Exercise goal -> Copy out each line of the material exactly. Pictures do not belong in the copy.

Dataset section ->
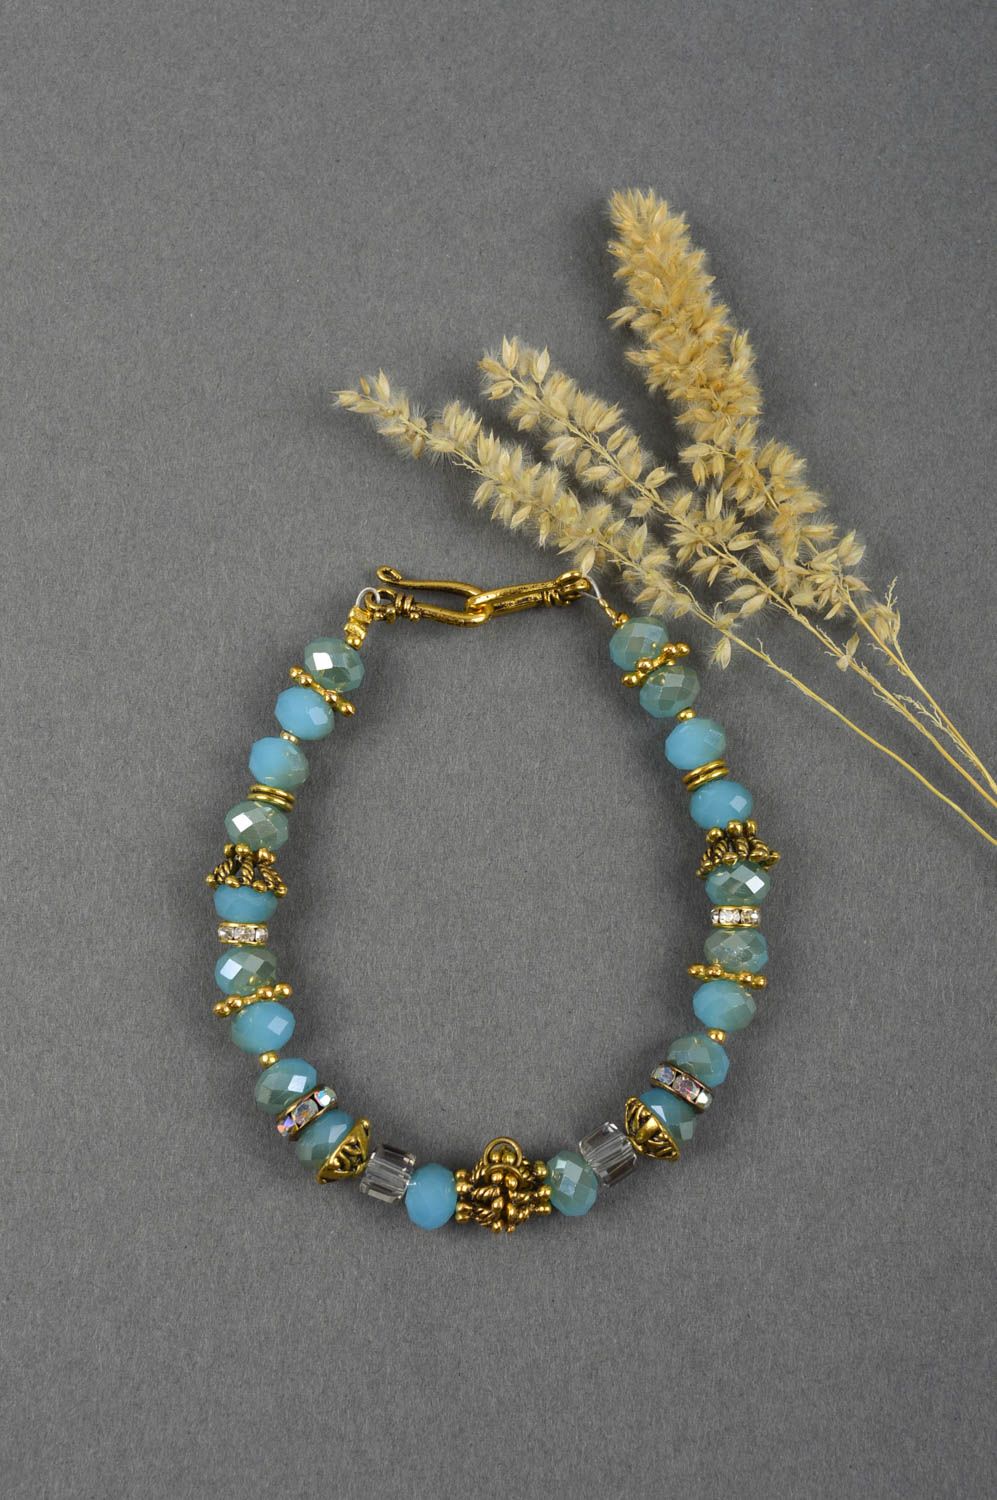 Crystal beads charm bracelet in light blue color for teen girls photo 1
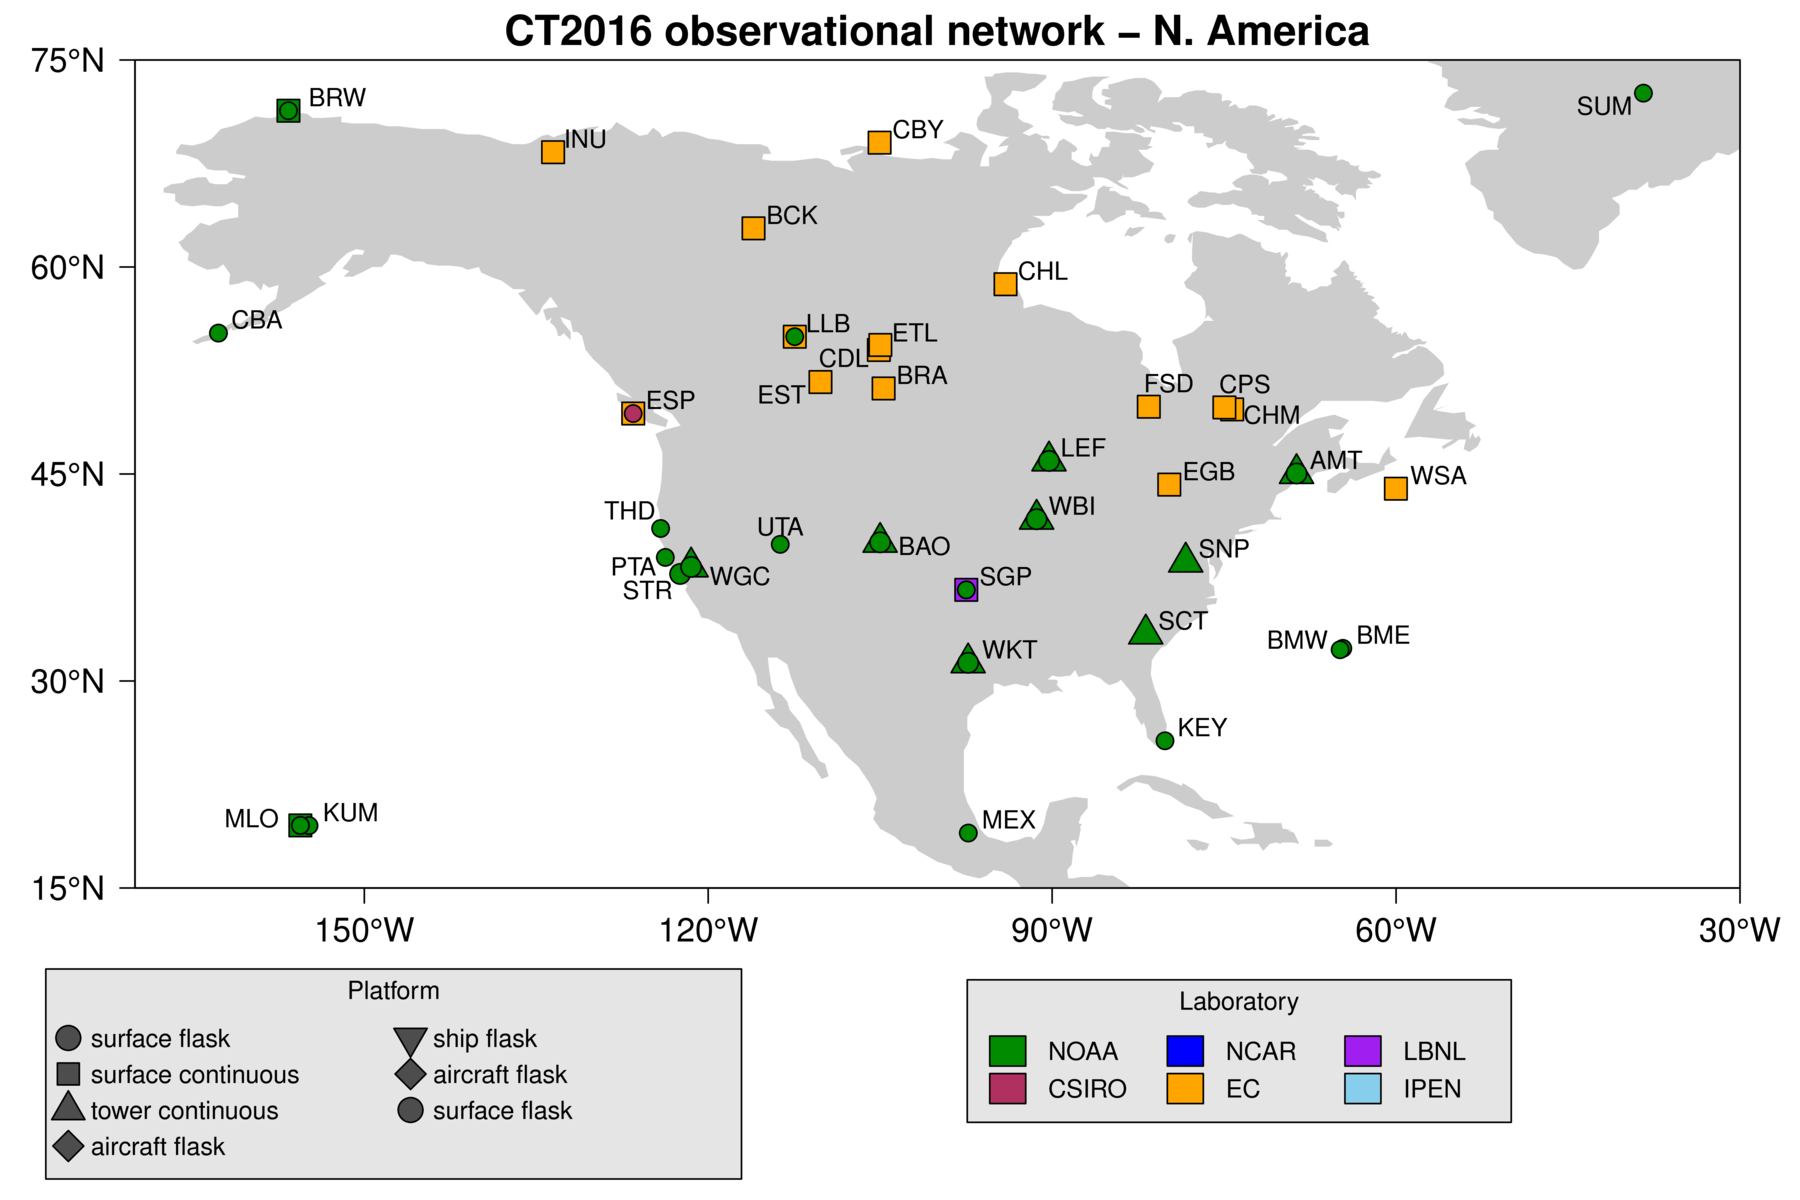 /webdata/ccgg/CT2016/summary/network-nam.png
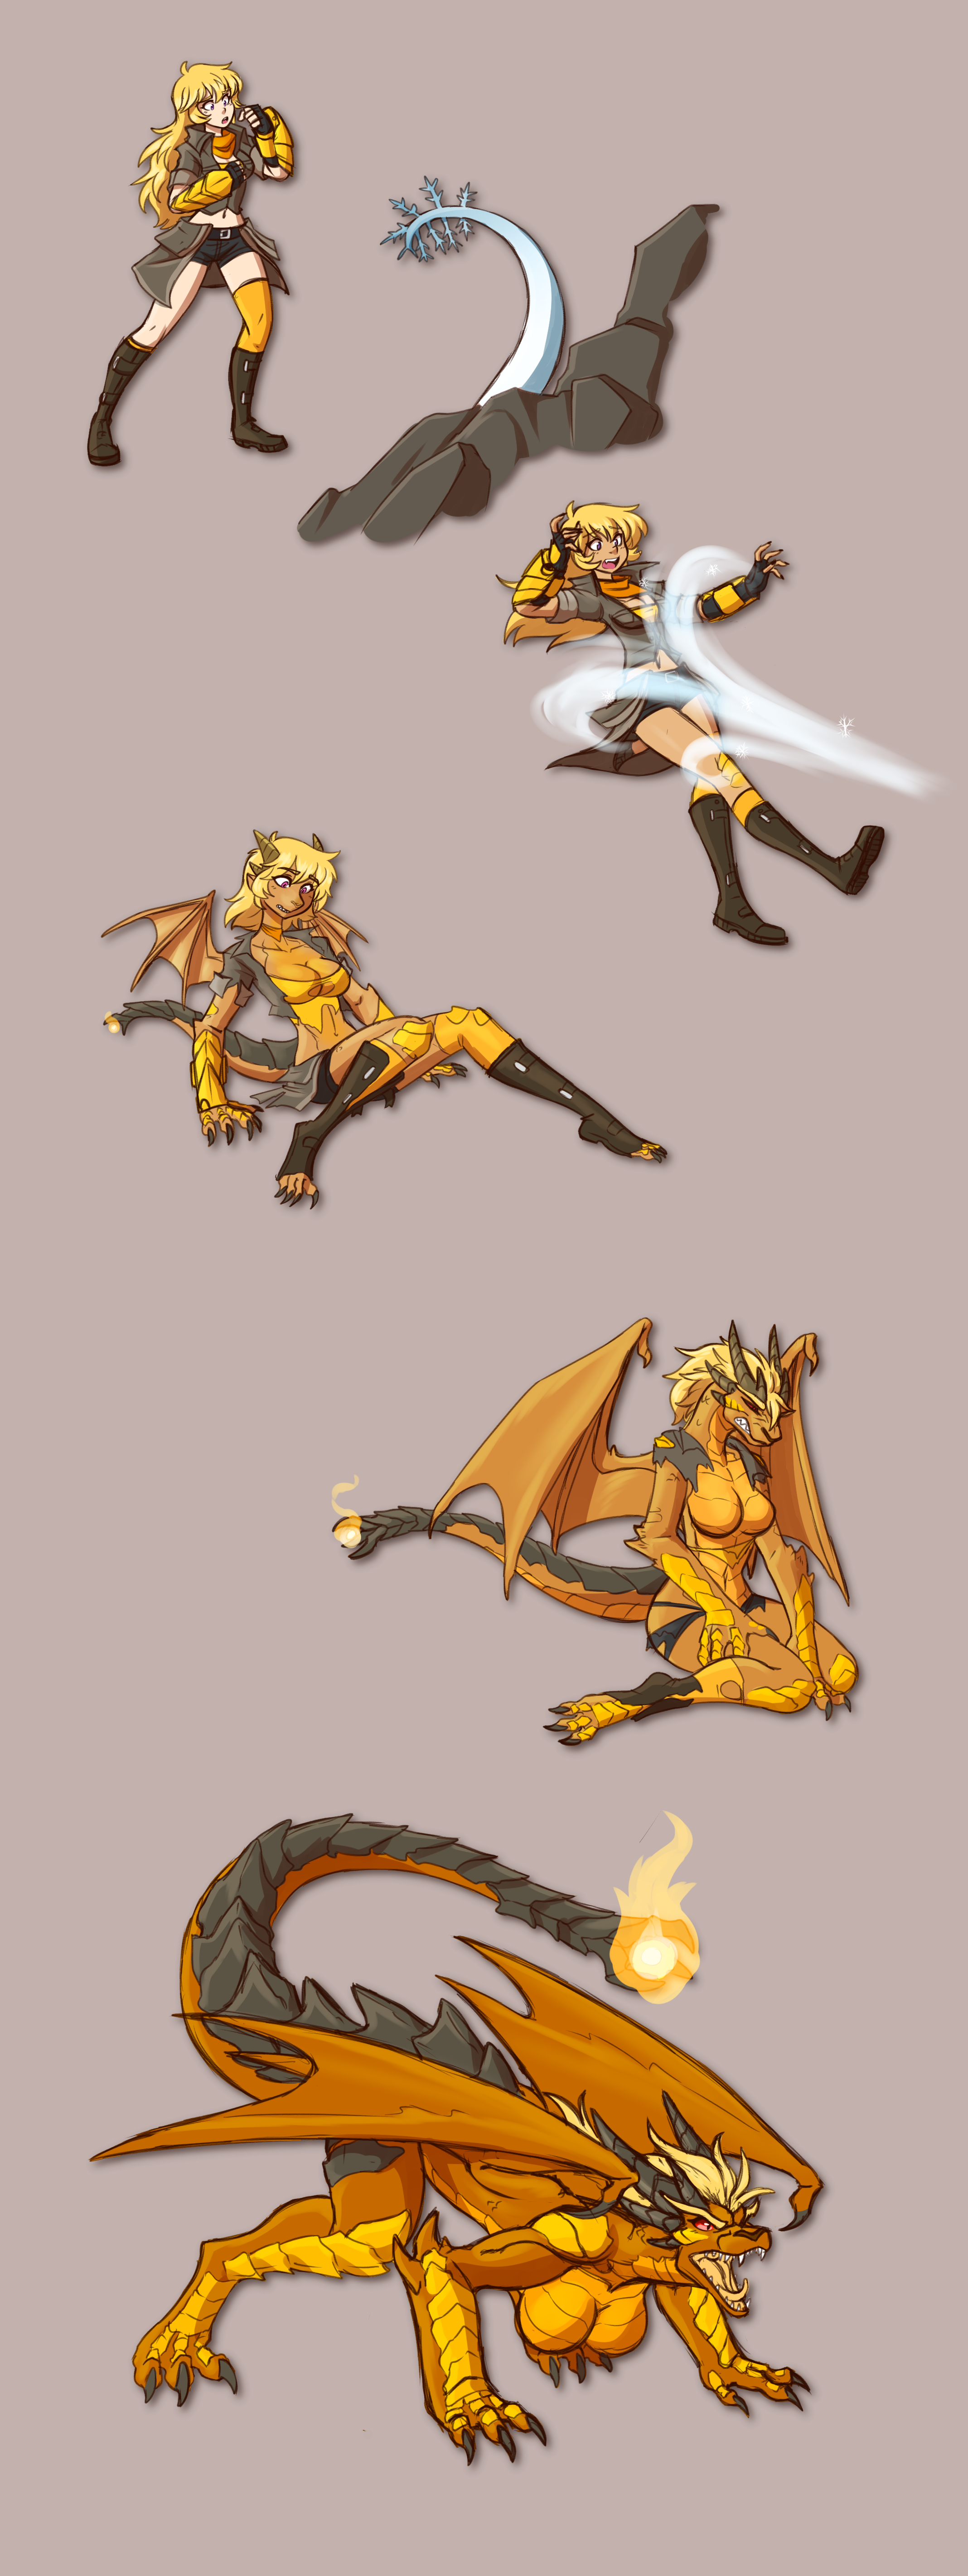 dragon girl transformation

Exercise response ->
 Crystal beads charm bracelet in light blue color for teen girls photo 1
 /webdata/ccgg/CT2016/summary/network-nam.png
 dragon girl transformation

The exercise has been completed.